The water-based adhesive preferably contains 20 to 60 parts by mass of a tackifier resin in terms of solid content with respect to 100 parts by mass of polychloroprene latex in terms of solid content. When tackifying resin is mix | blended in the quantity of this range, the time (open time) after apply | coating an adhesive agent to an adherend and sticking together can be extended. Examples of tackifying resins, rosin resins, rosin ester resins, hydrogenated rosin resins, polymerized rosin resins, alpha-pinene resins, beta-pinene resins, terpene phenol resins, C ₅ fraction petroleum resin, C ₉ fraction Examples thereof include branched petroleum resins, C ₅ / C ₉ fraction petroleum resins, DCPD petroleum resins, alkylphenol resins, xylene resins, coumarone resins, coumarone indene resins, and the like. As a method for adding the tackifying resin, it is preferable to add it as an emulsion in order to uniformly mix it in the adhesive. Furthermore, the method for producing a tackifying resin emulsion includes a method in which an organic solvent such as toluene is emulsified / dispersed in water using an emulsifier, and then the organic solvent is removed while heating under reduced pressure. The former method, which can produce a finer particle emulsion, is preferred.

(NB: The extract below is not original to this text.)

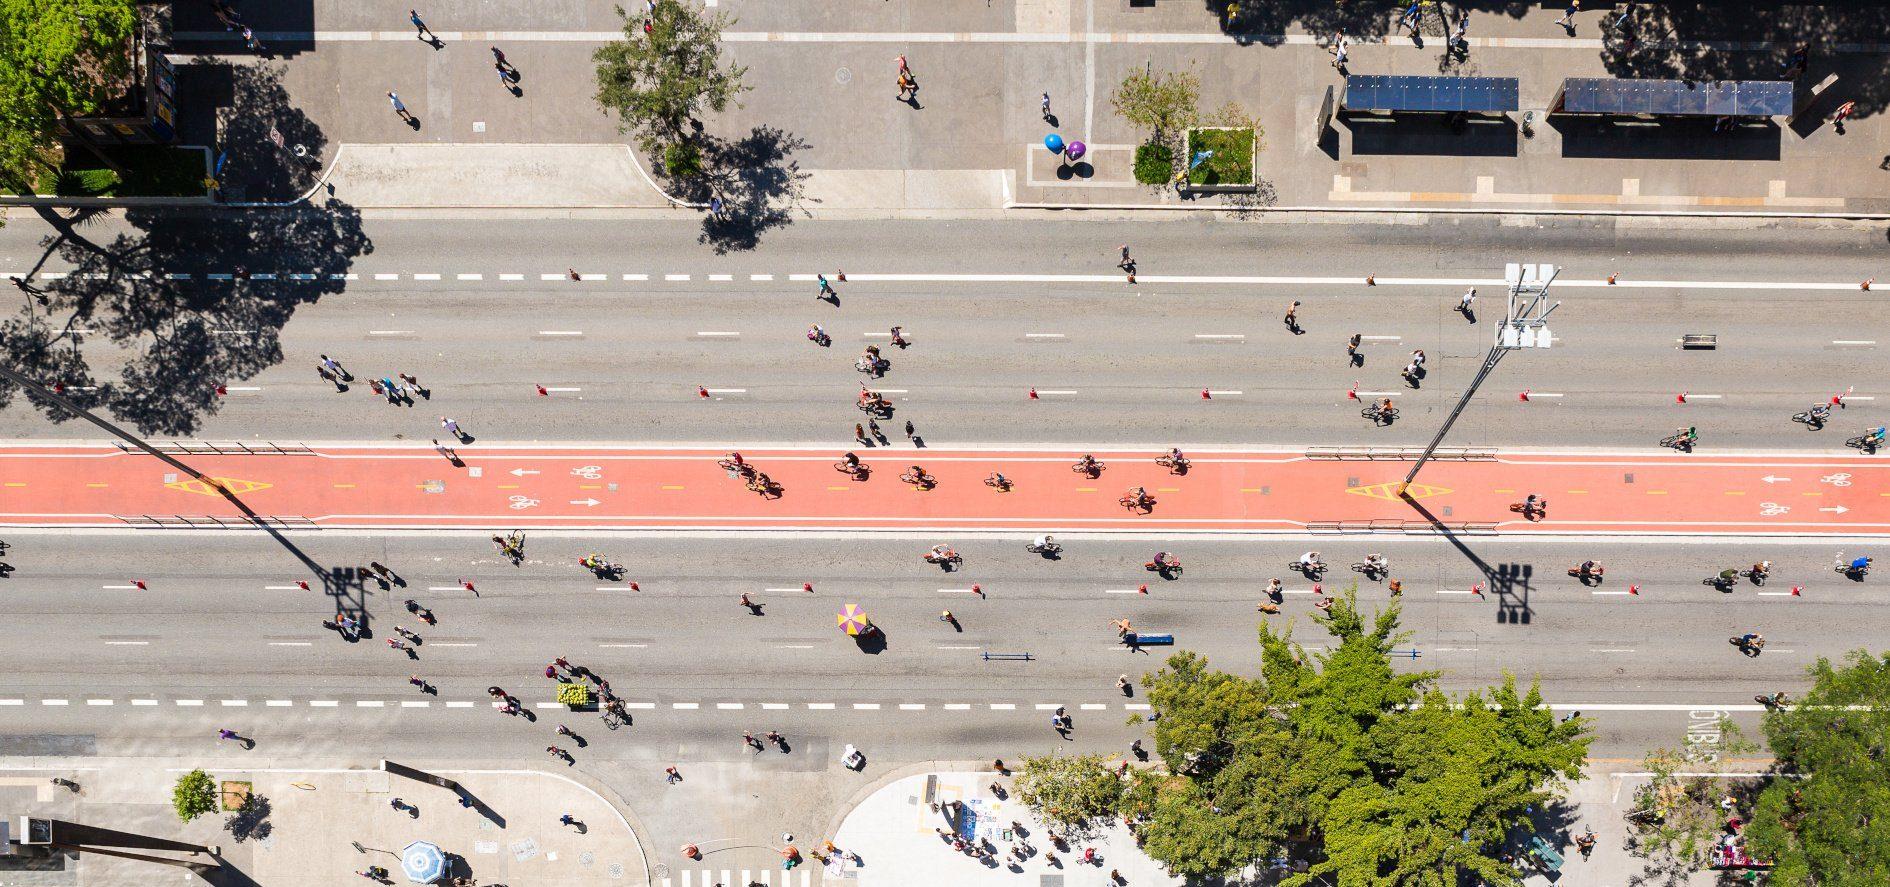 Radverkehrsplan 3.0 sieht mehr, bessere und sicherere Radwege vor.
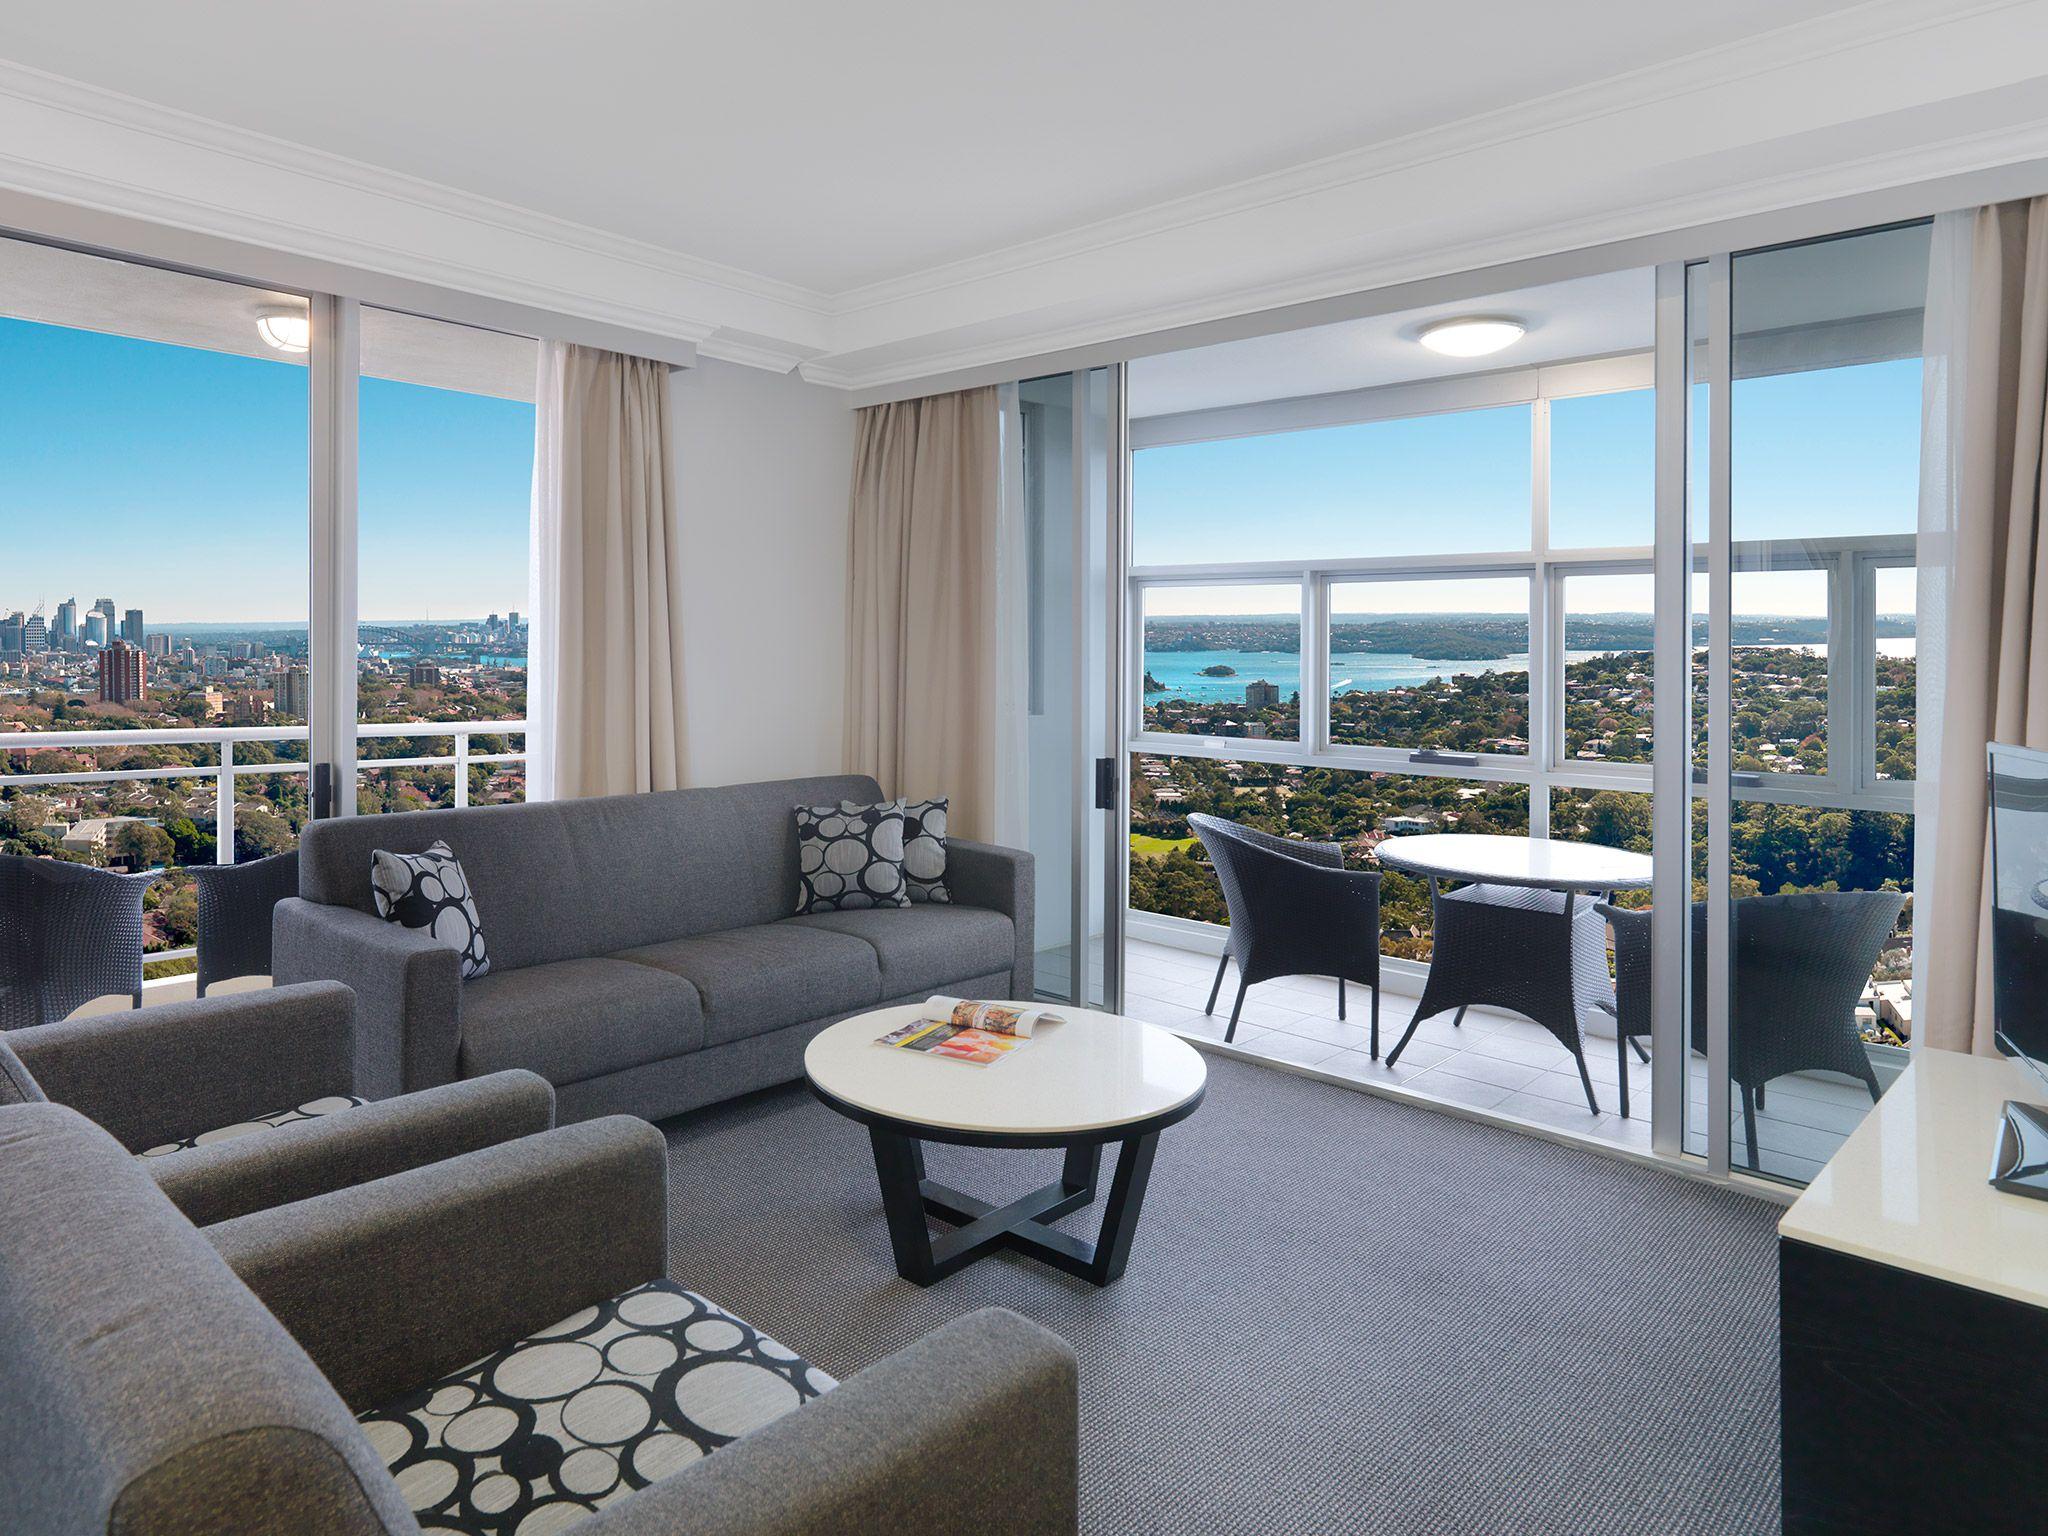 Harbour Suite with 3 Bedrooms Sydney BondiJunction

  Furthermore, for water-based adhesives, thickeners, vulcanization accelerators, fillers (reinforcing agents), pigments, colorants, antioxidants, ultraviolet absorbers, antifungal agents, antiseptics, depending on the application and required performance. An agent, an antibacterial agent, a plasticizer, a pH adjuster, an antifoaming agent, a rust preventive agent, a polymer latex other than polychloroprene may be optionally added. Moreover, it is also possible to combine with a hardening | curing agent to make a two-component adhesive.

  Specific examples of thickeners include organic thickeners such as polyacrylic acid-based, polyacrylamide-based, HUR-based (polymers in which both ends of polyethylene oxide are end-capped with hydrophobic groups), silicate compounds such as hectorite and montmorillonite. Inorganic thickeners such as Among these, the HEUR system is suitable because a large thickening effect can be obtained with a small addition amount and the viscosity stability after blending is excellent.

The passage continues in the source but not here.